This class uses a static method approach to create stateless tool functions that can be easily registered with MCP or called directly. Each method follows a consistent pattern:

1. Input Validation : Each method accepts a strongly-typed Pydantic model parameter, which automatically validates the input data structure and provides clear documentation.
2. Core Function Delegation : The methods don't implement the actual RAG functionality themselves. Instead, they delegate to the core functions ( add_documents , search_documents , rag_agent ), passing the appropriate parameters.
3. Structured Response : Each method returns a standardized dictionary with consistent fields, making it easier for consumers to process the results programmatically.
The class implements four primary tools:

- add_document : Adds a single document to the knowledge base, returning the updated document count.
- add_documents : Adds multiple documents in batch, leveraging parallel processing for efficiency. Returns both the count of newly added documents and the total document count.
- search_documents : Performs semantic search against the knowledge base, returning the most relevant documents along with metadata about the search.
- rag_query : The primary end-user tool that combines retrieval and generation to answer questions. It returns both the original question and the generated answer.
This architecture separates the interface concerns from implementation details, allowing either to change independently. The static method approach ensures these tools can be used without instantiating the class, making them easier to register with frameworks like MCP.

In [16]:
# Create MCP tools
class MCPRagTools:
    @staticmethod
    def add_document(input_data: DocumentInput) -> Dict[str, Any]:
        """Add a single document to the knowledge base with embedding"""
        added, total = add_documents([input_data.document])
        return {"status": "success", "documents_count": total}
    
    @staticmethod
    def add_documents(input_data: DocumentsInput) -> Dict[str, Any]:
        """Add multiple documents with parallel embedding processing"""
        added, total = add_documents(input_data.documents)
        return {
            "status": "success", 
            "added_count": added,
            "total_documents": total
        }
    
    @staticmethod
    def search_documents(input_data: SearchInput) -> Dict[str, Any]:
        """Search documents using FAISS for parallel vector similarity"""
        results = search_documents(input_data.query, input_data.top_k)
        return {
            "query": input_data.query,
            "results": results,
            "result_count": len(results)
        }
    
    @staticmethod
    def rag_query(input_data: RagInput) -> Dict[str, Any]:
        """Process a question using Retrieval-Augmented Generation"""
        answer = rag_agent(input_data.question)
        return {
            "question": input_data.question,
            "answer": answer
        }

#### 5. MCP context creation function
The create_mcp_context() function is designed to establish a standardized execution environment for your RAG tools. This function serves as a compatibility layer that handles different MCP implementations.

The function begins by attempting to create a new MCP Context object, which serves as a container for registered tools. This context provides a standardized way to execute tools by name with appropriate parameters.

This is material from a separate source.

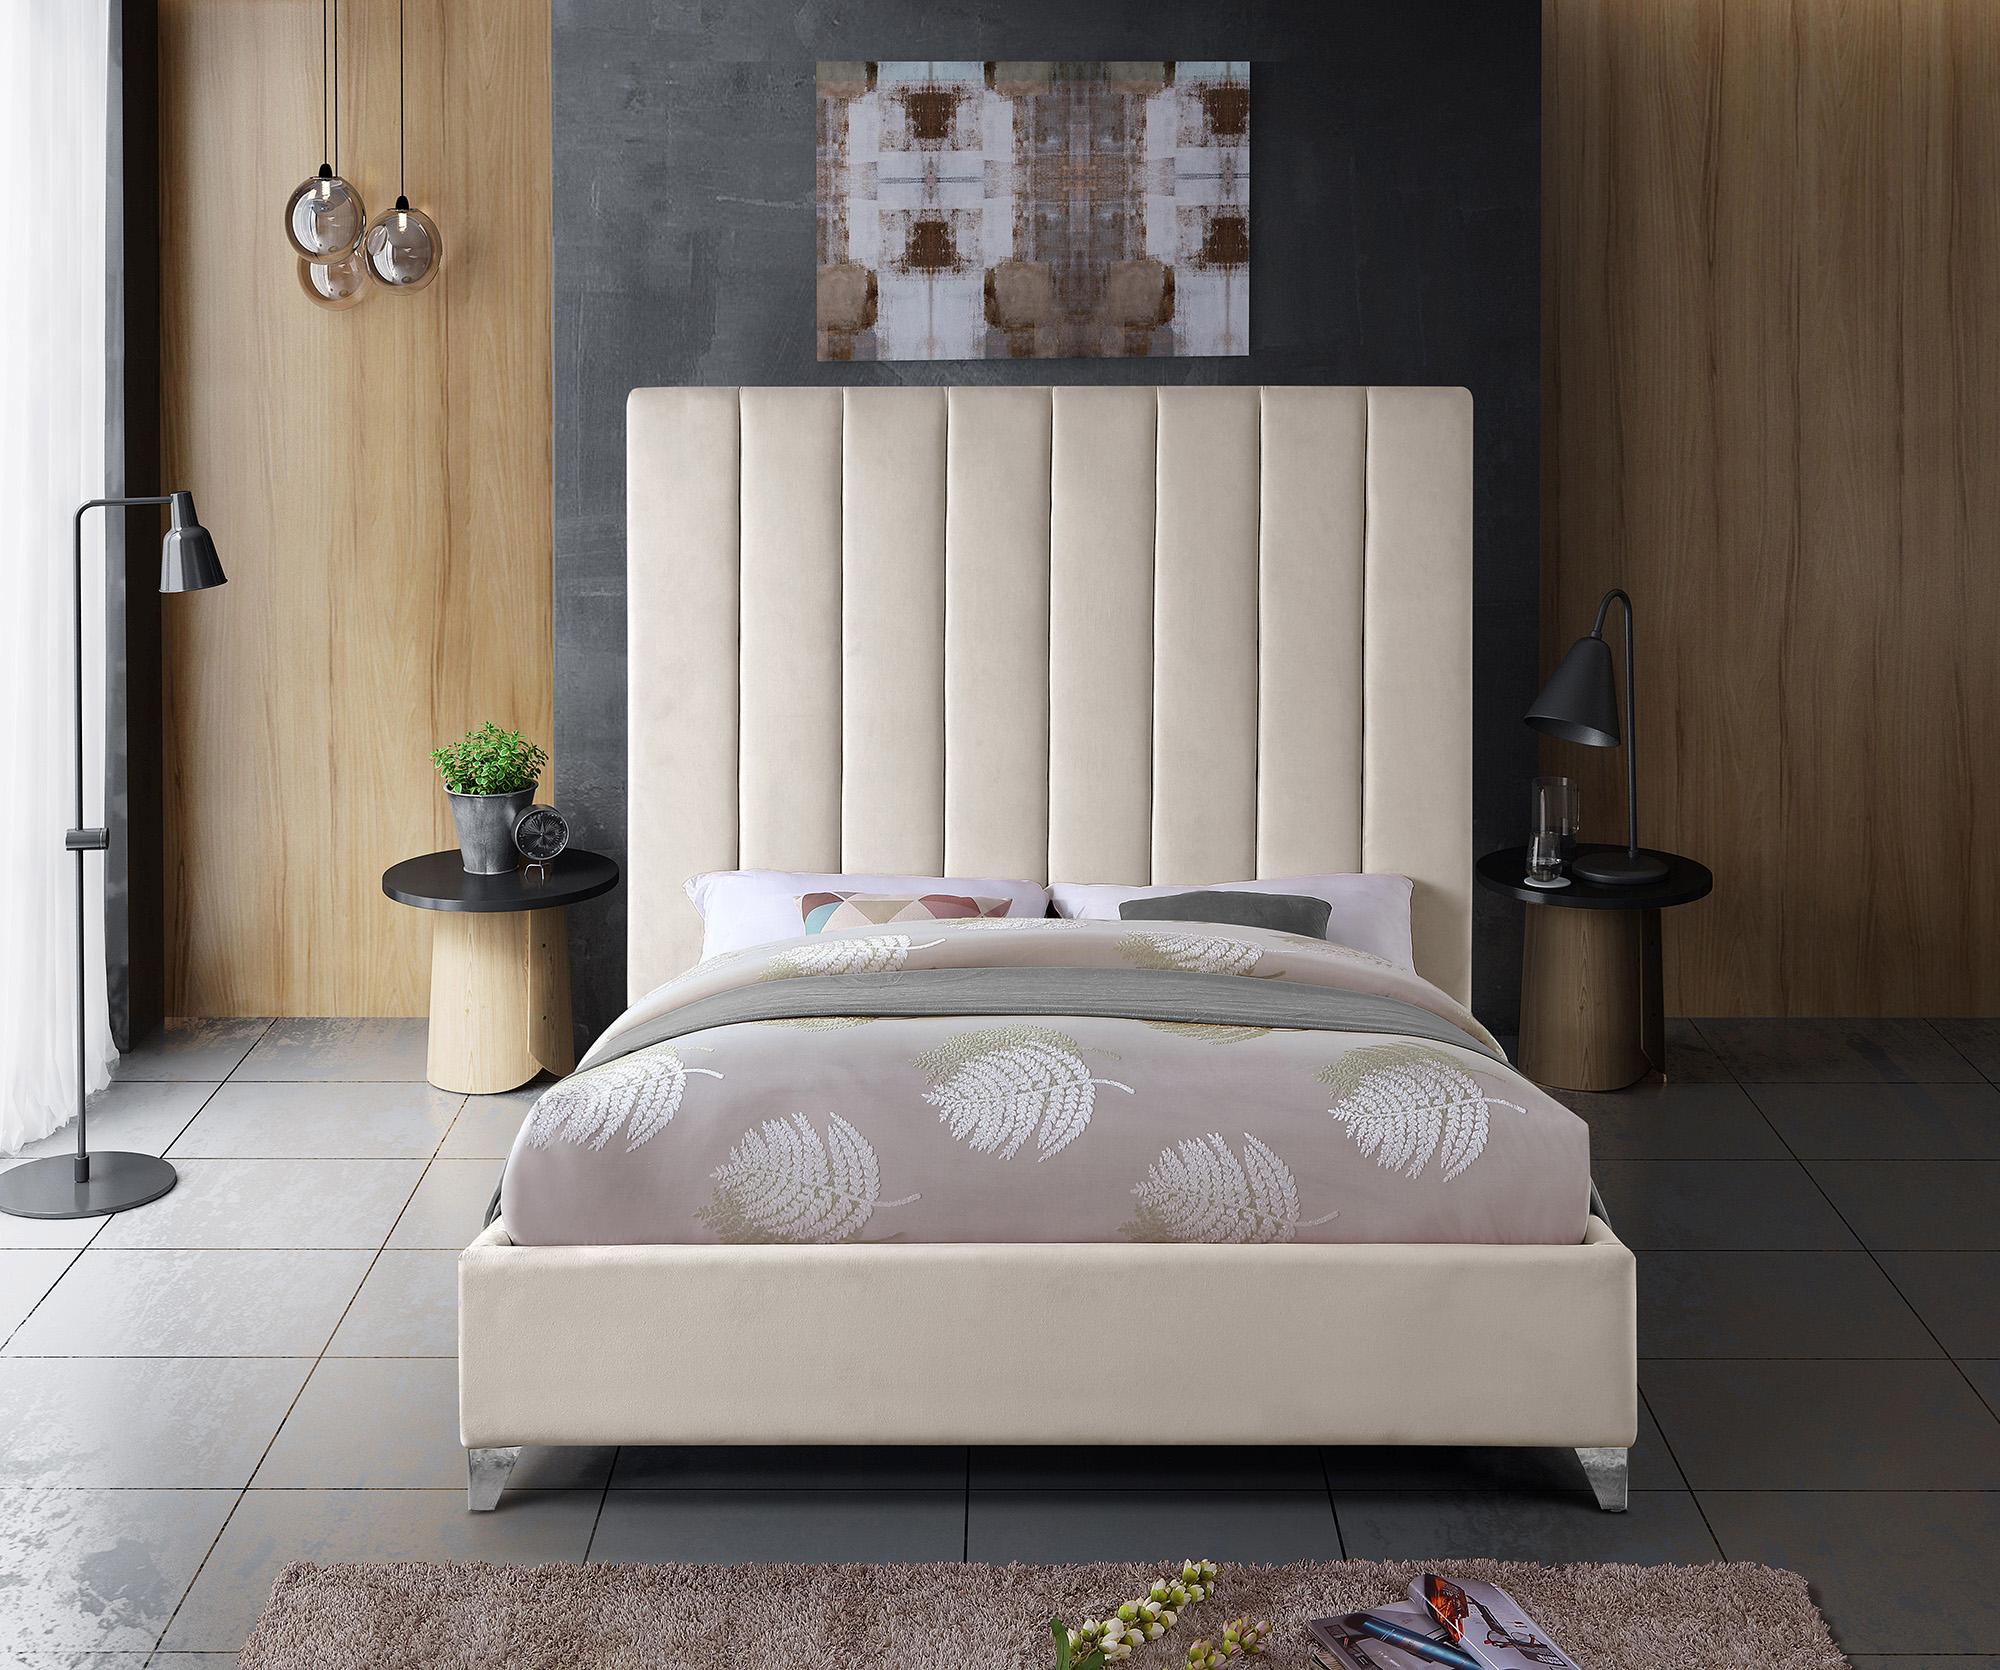 

    
Meridian Furniture VIA ViaCream-Q Platform Bed Cream ViaCream-Q

The most important aspect of this function is its robust approach to tool registration. Since different MCP implementations might use different methods for registering tools, the function implements a three-tiered fallback strategy:

1. First, it attempts to use the context.register() method, which is common in some MCP implementations.
2. If that fails with an AttributeError (meaning the method doesn't exist), it falls back to trying context.add_tool() , another common registration pattern.
3. If both previous methods fail, it attempts a third approach using context.register_tool() .
This defensive programming approach ensures maximum compatibility across different MCP versions and implementations. Each registration attempt registers all four RAG tools:

- add_document for single document addition
- add_documents for batch document processing
- search_documents for knowledge retrieval
- rag_query for question answering
The function ultimately returns the configured context object, which can then be used to execute the registered tools through a standardized interface. This abstraction layer allows your code to work with different MCP implementations without modification, providing flexibility and future-proofing.

In [17]:
# Create MCP context
def create_mcp_context():
    # Create a new MCP context
    context = mcp.Context()
    
    # Register tools with the context
    # Note: The exact registration method may vary depending on your MCP implementation
    # Common methods include:
    try:
        # Method 1: Using register method
        context.register("add_document", MCPRagTools.add_document)
        context.register("add_documents", MCPRagTools.add_documents)
        context.register("search_documents", MCPRagTools.search_documents)
        context.register("rag_query", MCPRagTools.rag_query)
    except AttributeError:
        try:
            # Method 2: Using add_tool method
            context.add_tool("add_document", MCPRagTools.add_document)
            context.add_tool("add_documents", MCPRagTools.add_documents)
            context.add_tool("search_documents", MCPRagTools.search_documents)
            context.add_tool("rag_query", MCPRagTools.rag_query)
        except AttributeError:
            # Method 3: Using register_tool method
            context.register_tool("add_document", MCPRagTools.add_document)
            context.register_tool("add_documents", MCPRagTools.add_documents)
            context.register_tool("search_documents", MCPRagTools.search_documents)
            context.register_tool("rag_query", MCPRagTools.rag_query)
    
    return context

In [18]:
# Sample documents
sample_docs = [
    "OpenAI was founded in December 2015 by Sam Altman, Elon Musk, and others with the mission to ensure that artificial general intelligence benefits all of humanity.",
    "GPT-4 is a multimodal large language model created by OpenAI in 2023, capable of processing both text and image inputs.",
    "RAG stands for Retrieval-Augmented Generation, a technique to enhance LLM responses with external knowledge by retrieving relevant information and incorporating it into the generation process.",
    "Vector databases store embeddings of text which can be searched by similarity using mathematical operations like cosine similarity.",
    "Retrieval-Augmented Generation (RAG) helps address hallucination problems in language models by grounding responses in factual information from reliable sources.",
    "The key components of a RAG system include an embedding model, a vector database, a retrieval mechanism, and a text generation model."
]

# Add documents directly
added, total = add_documents(sample_docs)
print(f"Added {added} documents. Knowledge base now has {total} documents.")

# Example query
question = "What are the key components of a RAG system?"
print(f"\nQuestion: {question}")

# Execute RAG query directly
answer = rag_agent(question)
print(f"\nAnswer: {answer}")

Added 6 documents. Knowledge base now has 6 documents.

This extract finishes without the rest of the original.